Data excerpt
- - - -

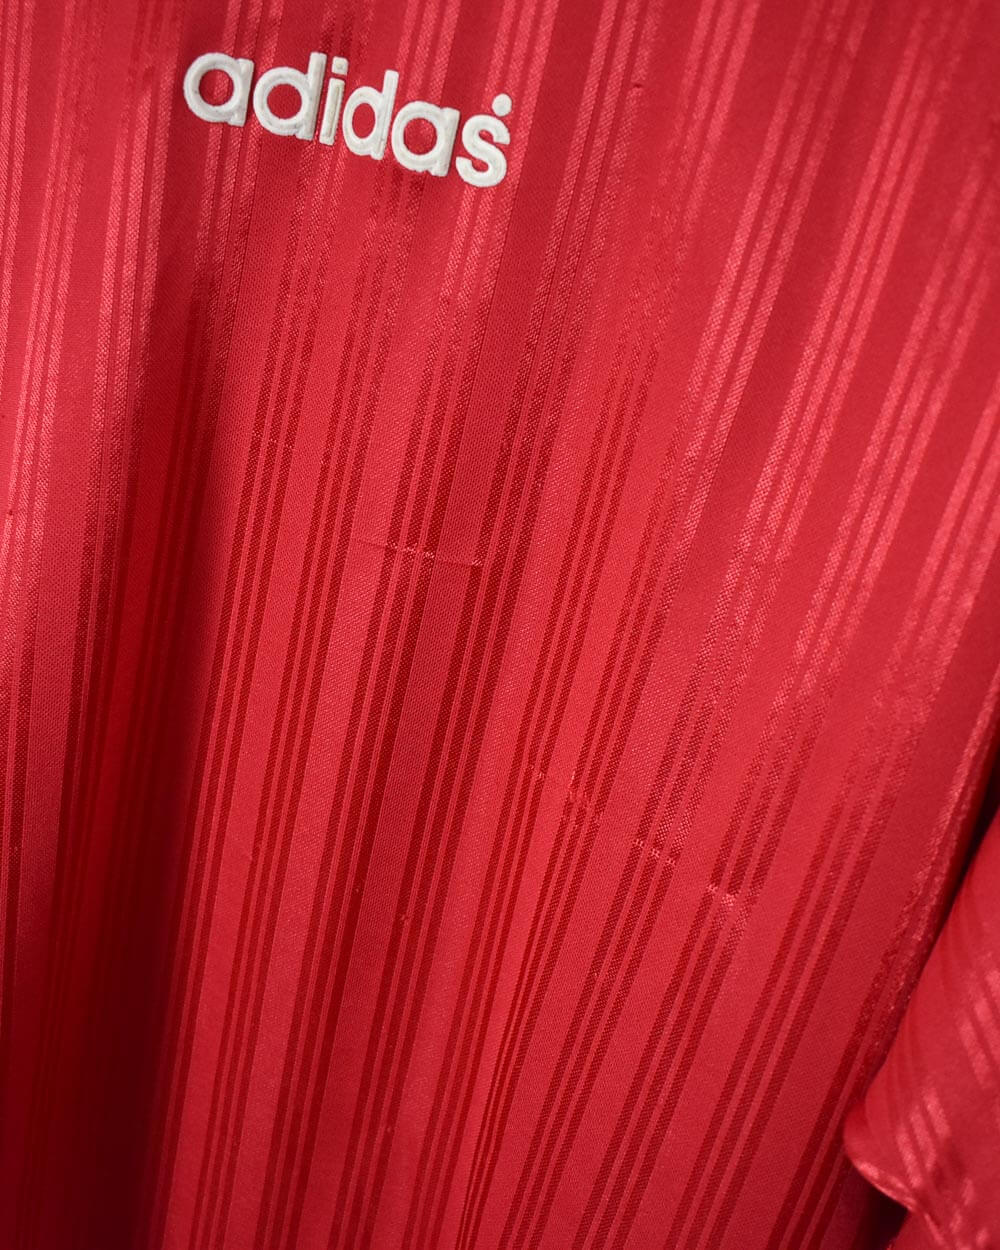 Red Adidas Yoshi 18 T-Shirt - XX-Large
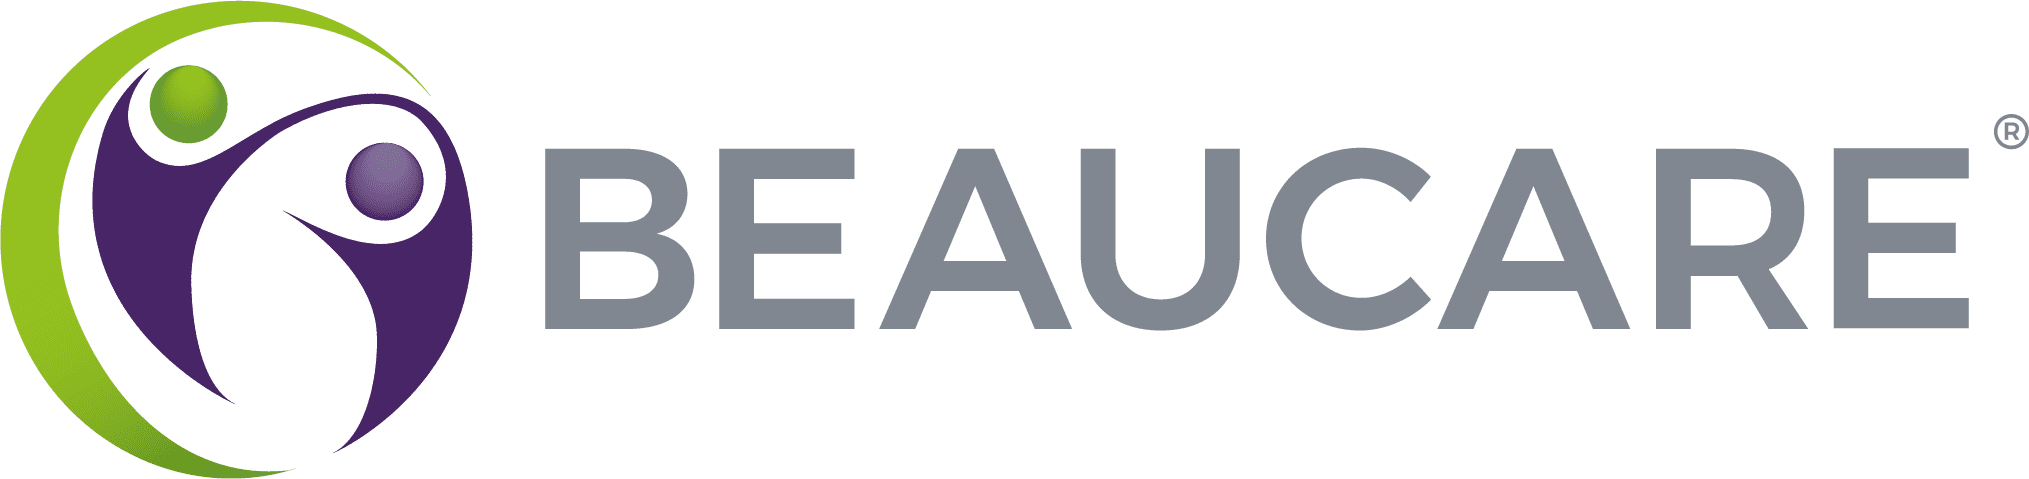 Beaucare logo
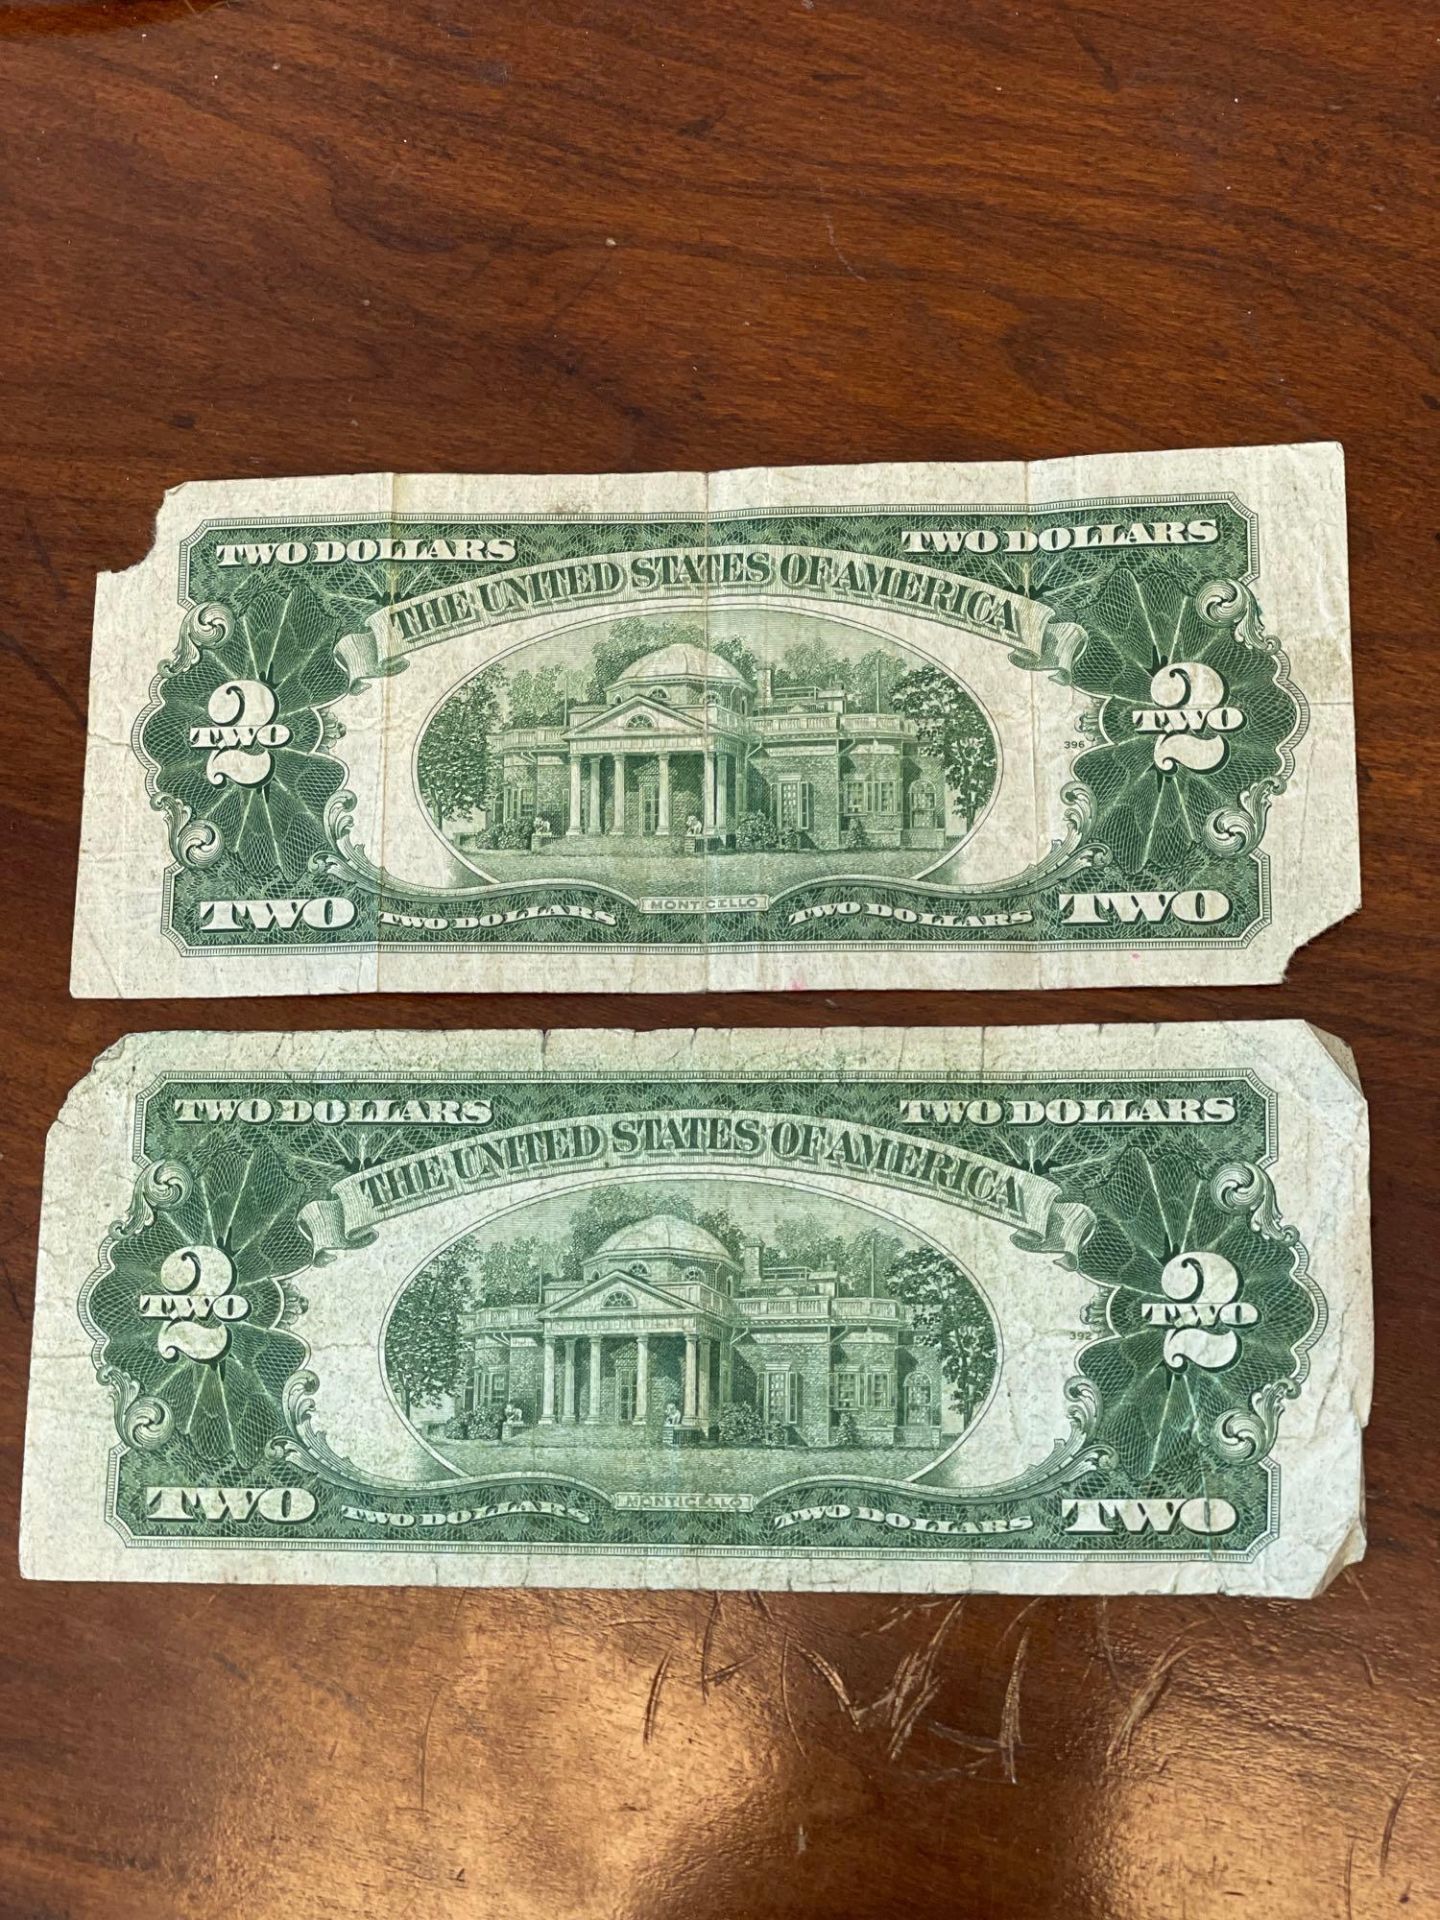 2 1953 Red Seal 2 Dollar Bills - Image 3 of 3
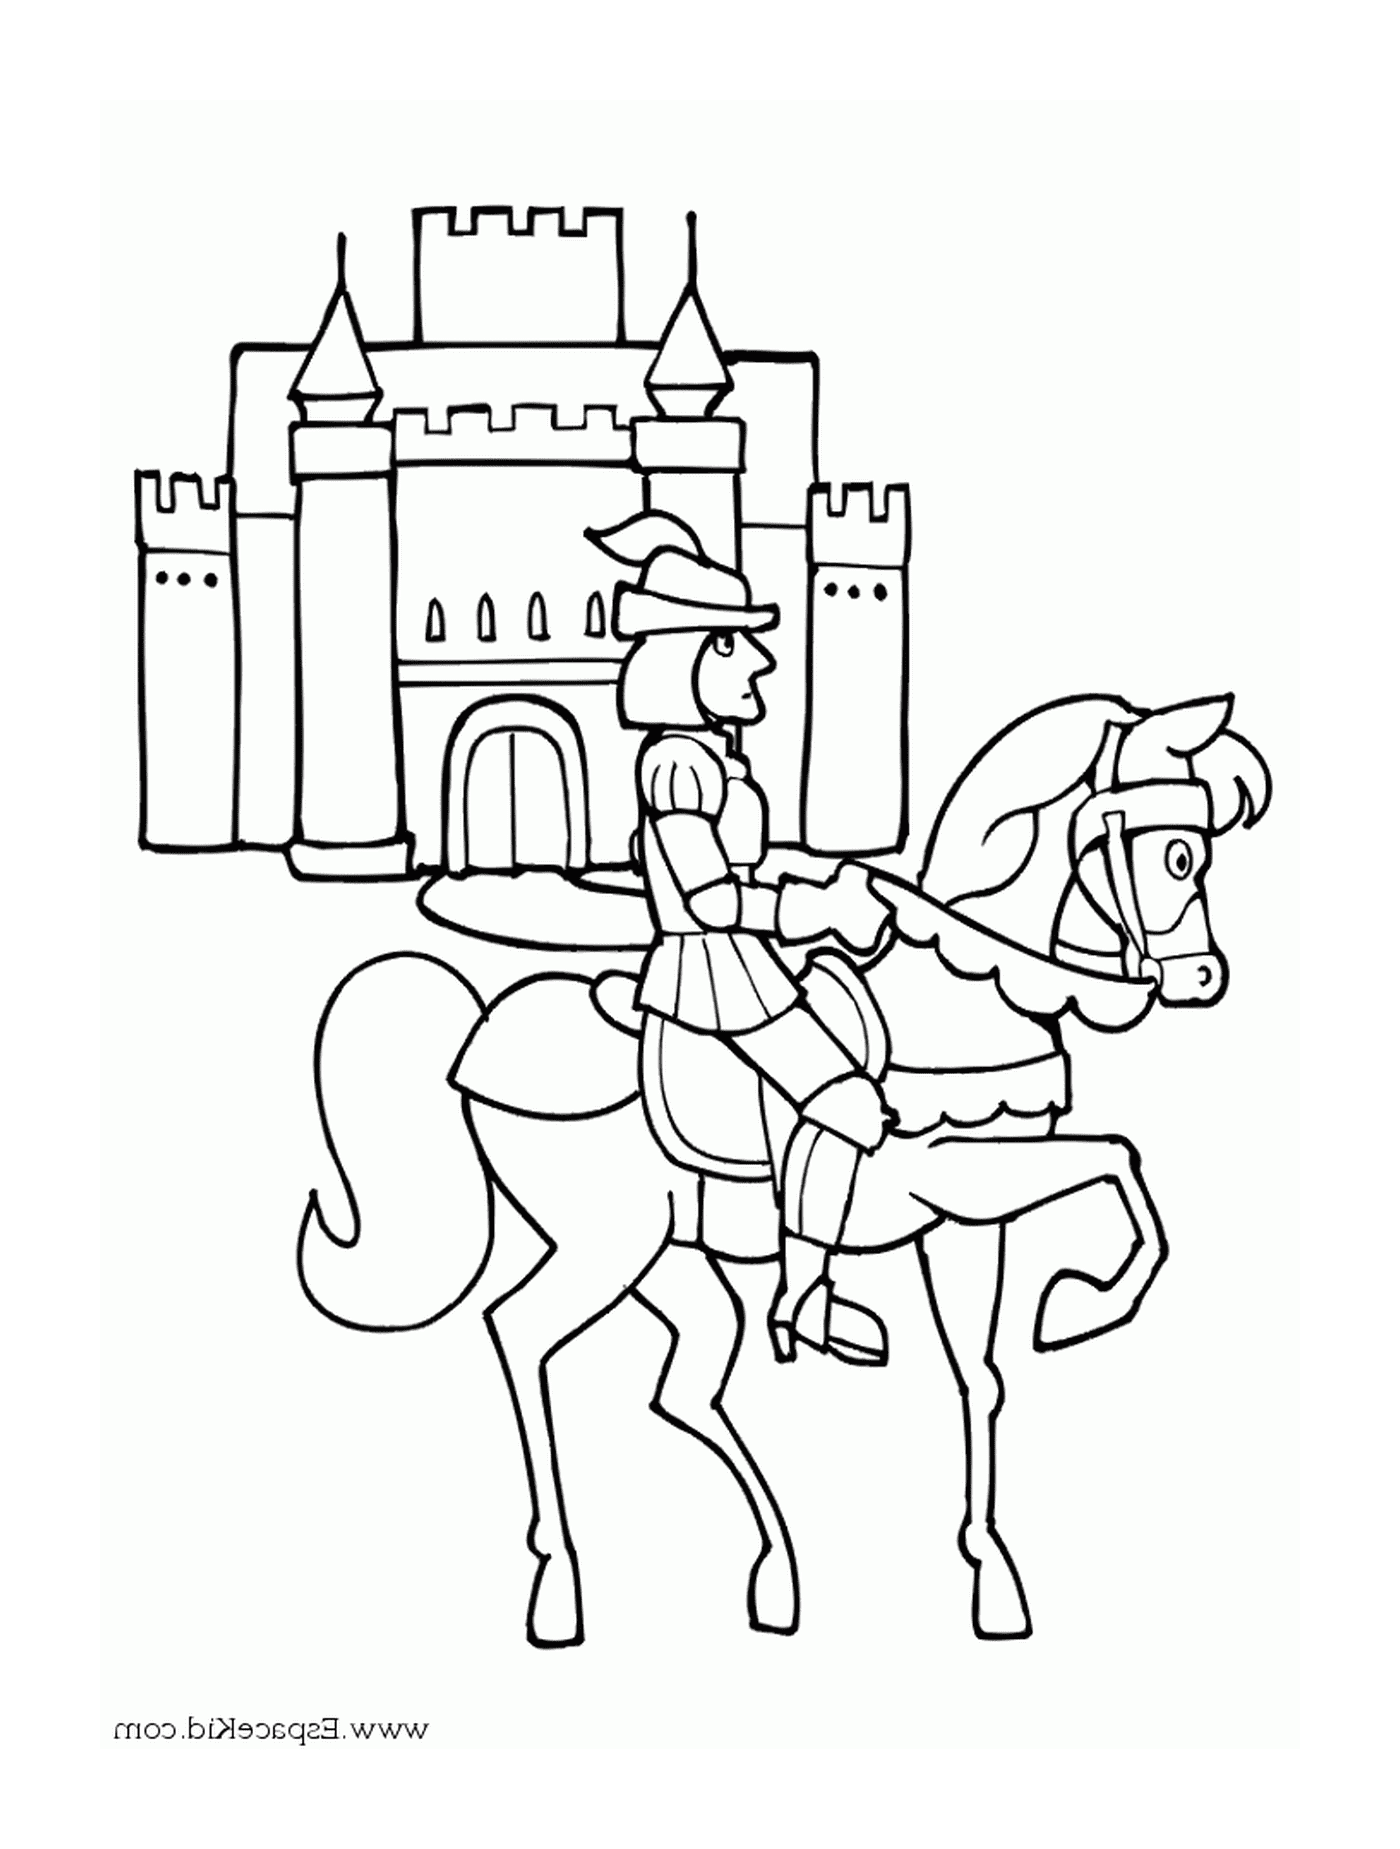  Un uomo a cavallo davanti a un castello

- - - -

Your goal
Give back the material word for word, leaving out its pictures.

Output for this exercise
 Red Adidas Yoshi 18 T-Shirt - XX-Large
 Beaucare logo
 2 1953 Red Seal 2 Dollar Bills - Image 3 of 3
  Un uomo a cavallo davanti a un castello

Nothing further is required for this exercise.